In that October interview, the band explained its self-described "happy music" to MTV News's Loren DiBlasi as follows: "It’s super-weird, we all get our positivity from different stuff. Some of us like it when it’s warm and sunny, some like it when it’s raining, Kory likes peanut butter. I guess that comes out in our music. We don’t plan on getting, like, dark or anything — maybe if Kory runs out of peanut butter?"

At New York's Webster Hall last month, when Sun Club opened for synth-pop group Ra Ra Riot, Kory must've run out of peanut butter. Or maybe there was never any peanut butter to begin with. The band's five members filed onto the stage brandishing the kinds of hallmarks typically reserved for music made by angry young men — a guy in a mechanic's jumpsuit, a standalone drummer, guttural vocal howls — and it all became so clear.

Sun Club are the Slipknot of modern indie rock.

Shervin Lainez

Sun Club

But you wouldn't know it from their press photos.

And, by the way, that's completely exhilarating. In an indie-rock landscape where too many bands full of white dudes are making boring, safe music, there's something refreshing about the angry noise made by a band like Sun Club. It reminds me of the way I felt when I saw Slipknot's "Left Behind" video on TRL in 2001. Yes, TRL was once a place where aggressive, desperate rock music — including nü metal — mingled and sparred with the glossy pop of the time. Outsider bands like Slipknot could reach a massive audience on this decidedly corporate venue (never mind that they were signed to Warner's Roadrunner Records).

We don't have TRL today. We have vinyl juggernaut Urban Outfitters and satellite radio, and Sun Club don't sound like they belong there. They sound angry, don't they? The kind of anger that's bold and brash, not quiet and melancholy like the indie of the past decade. They sound Slipknot angry. Onstage, dual singers Mikey Powers and Shane McCord shout into their mics and flip programming switches to make their voices loop jaggedly ad infinitum, sort of like how nü metal DJs would scratch their turntables.

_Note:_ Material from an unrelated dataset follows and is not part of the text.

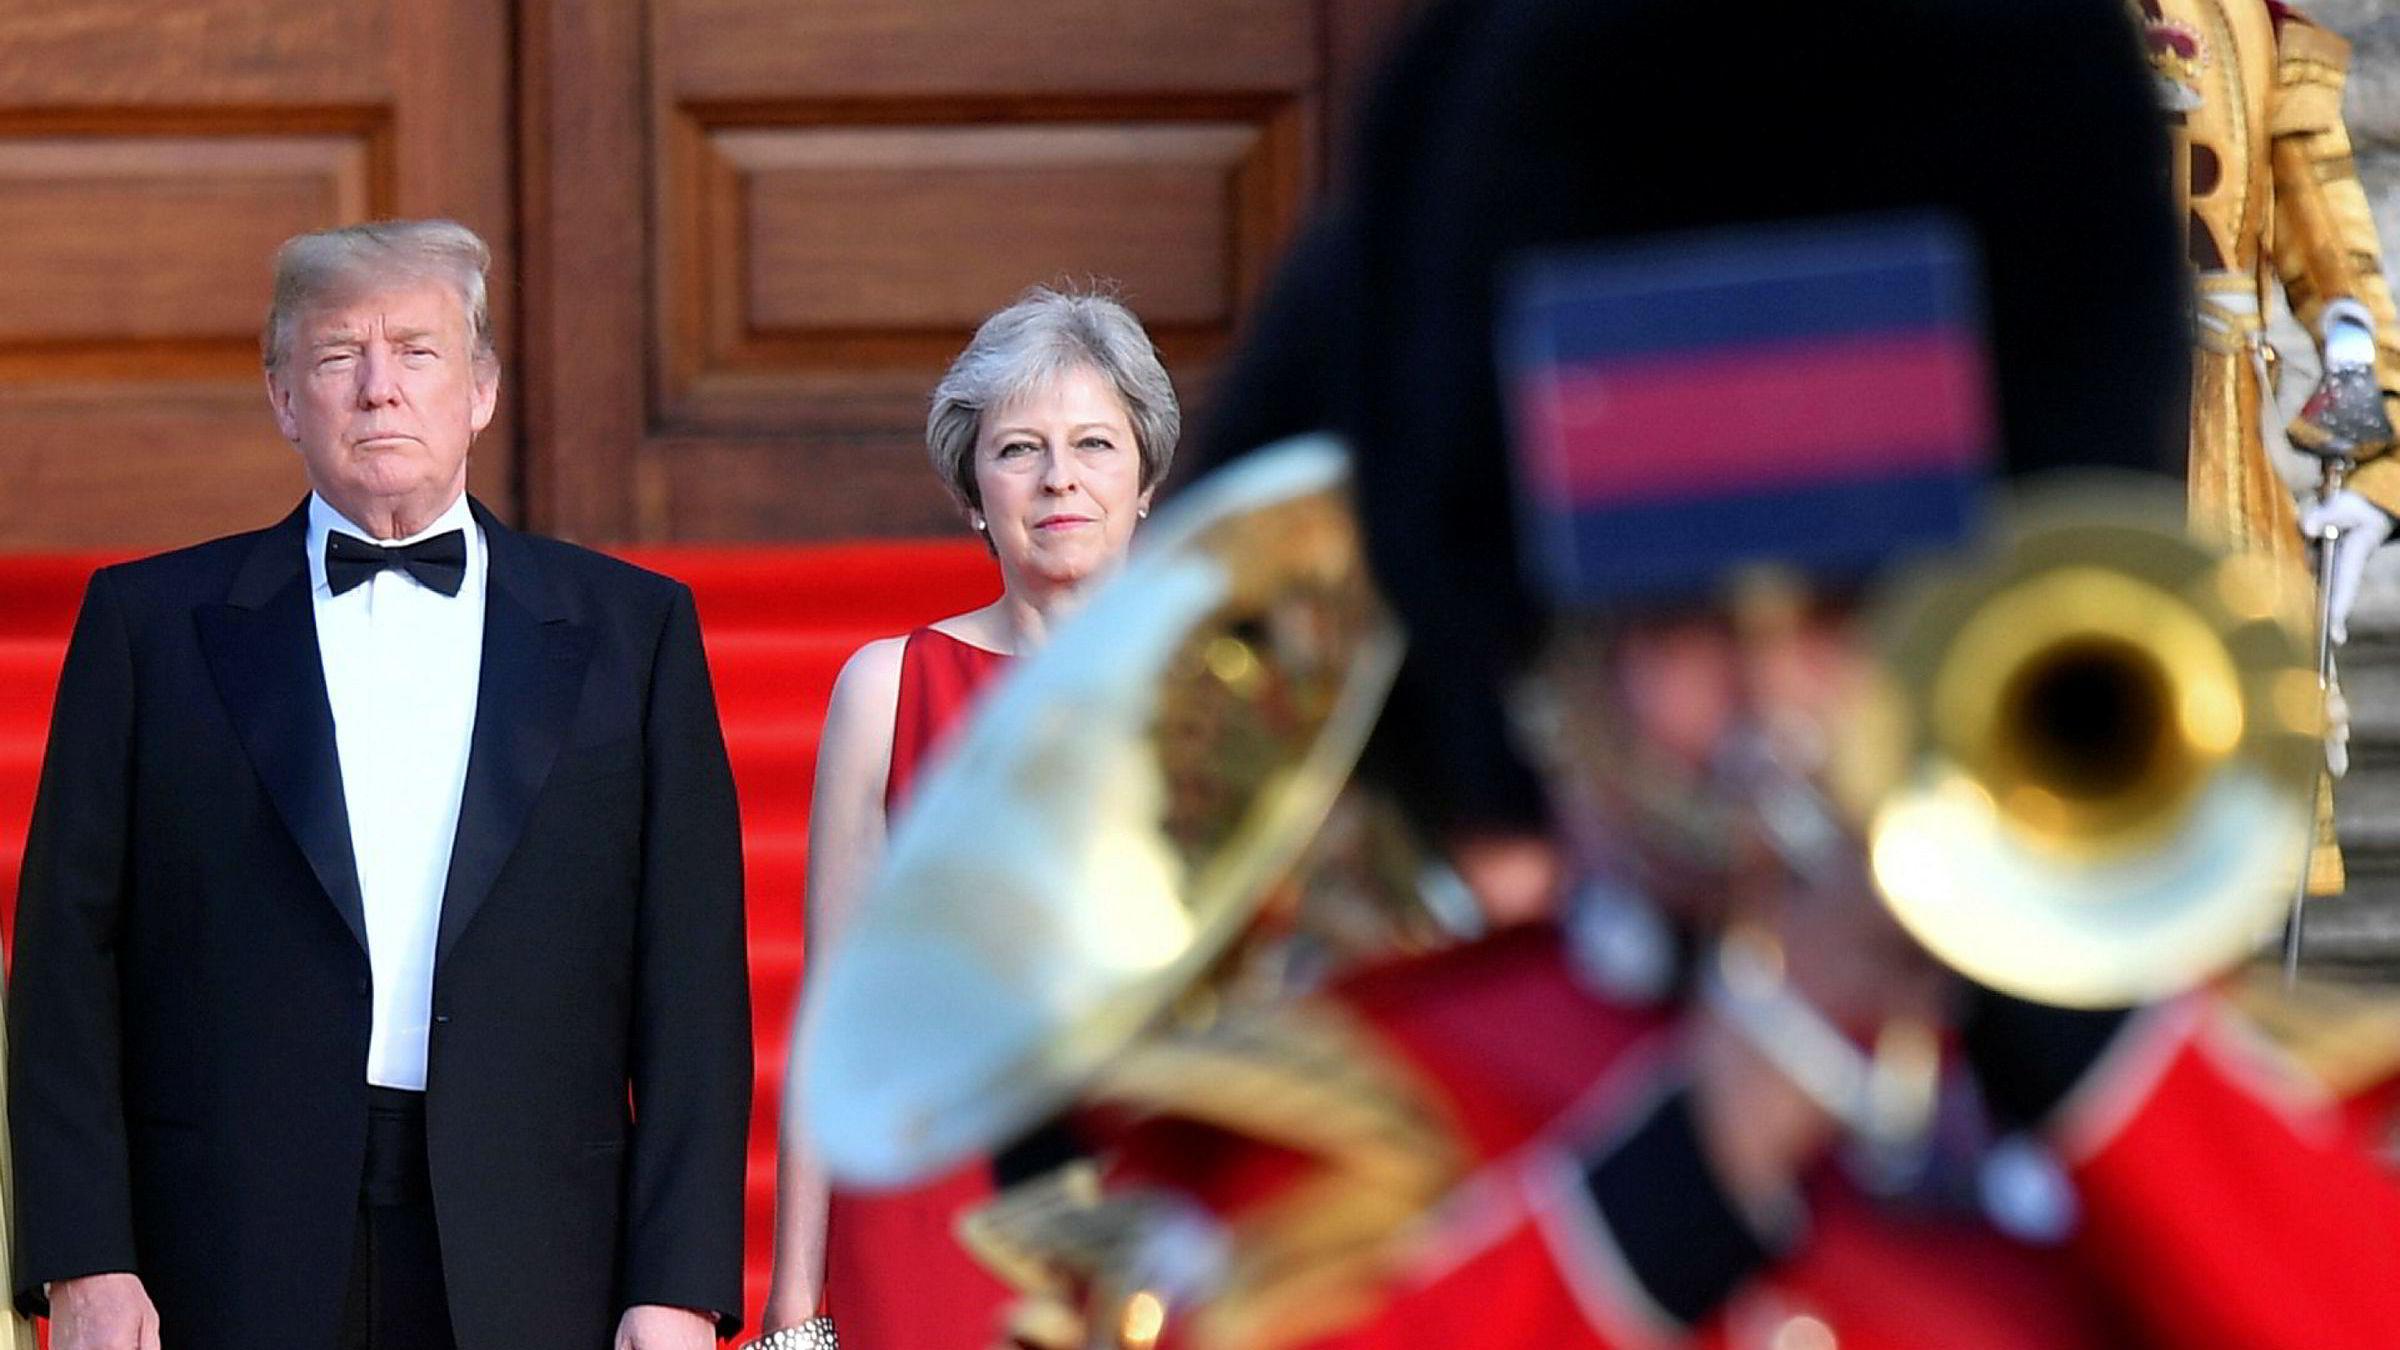 USAs president Donald Trump og Storbritannias statsminister Theresa May har hendene fulle på hver sin kant. Sammen utgjør de store farer for fremtidig økonomisk vekst, ifølge nye analyser fra Pimco.

Peter Pakvis / Contributor

Photo of SLIPKNOT

Two members of Slipknot in 2001.

Slipknot have a DJ. They've consistently had nine members throughout their 20 years of existence and have dressed in jumpsuits (and grotesque Halloween masks, but that's less important). Back when I watched "Left Behind" and "My Plague" on TRL, three of those members were percussionists, and one would just crawl around and bang on trash cans. Onstage, and even on record to a lesser extent, Sun Club make me feel as if I'm watching Slipknot again. In the crowded, increasingly homogenized and muddled landscape of indie rock in 2016, that feeling matters.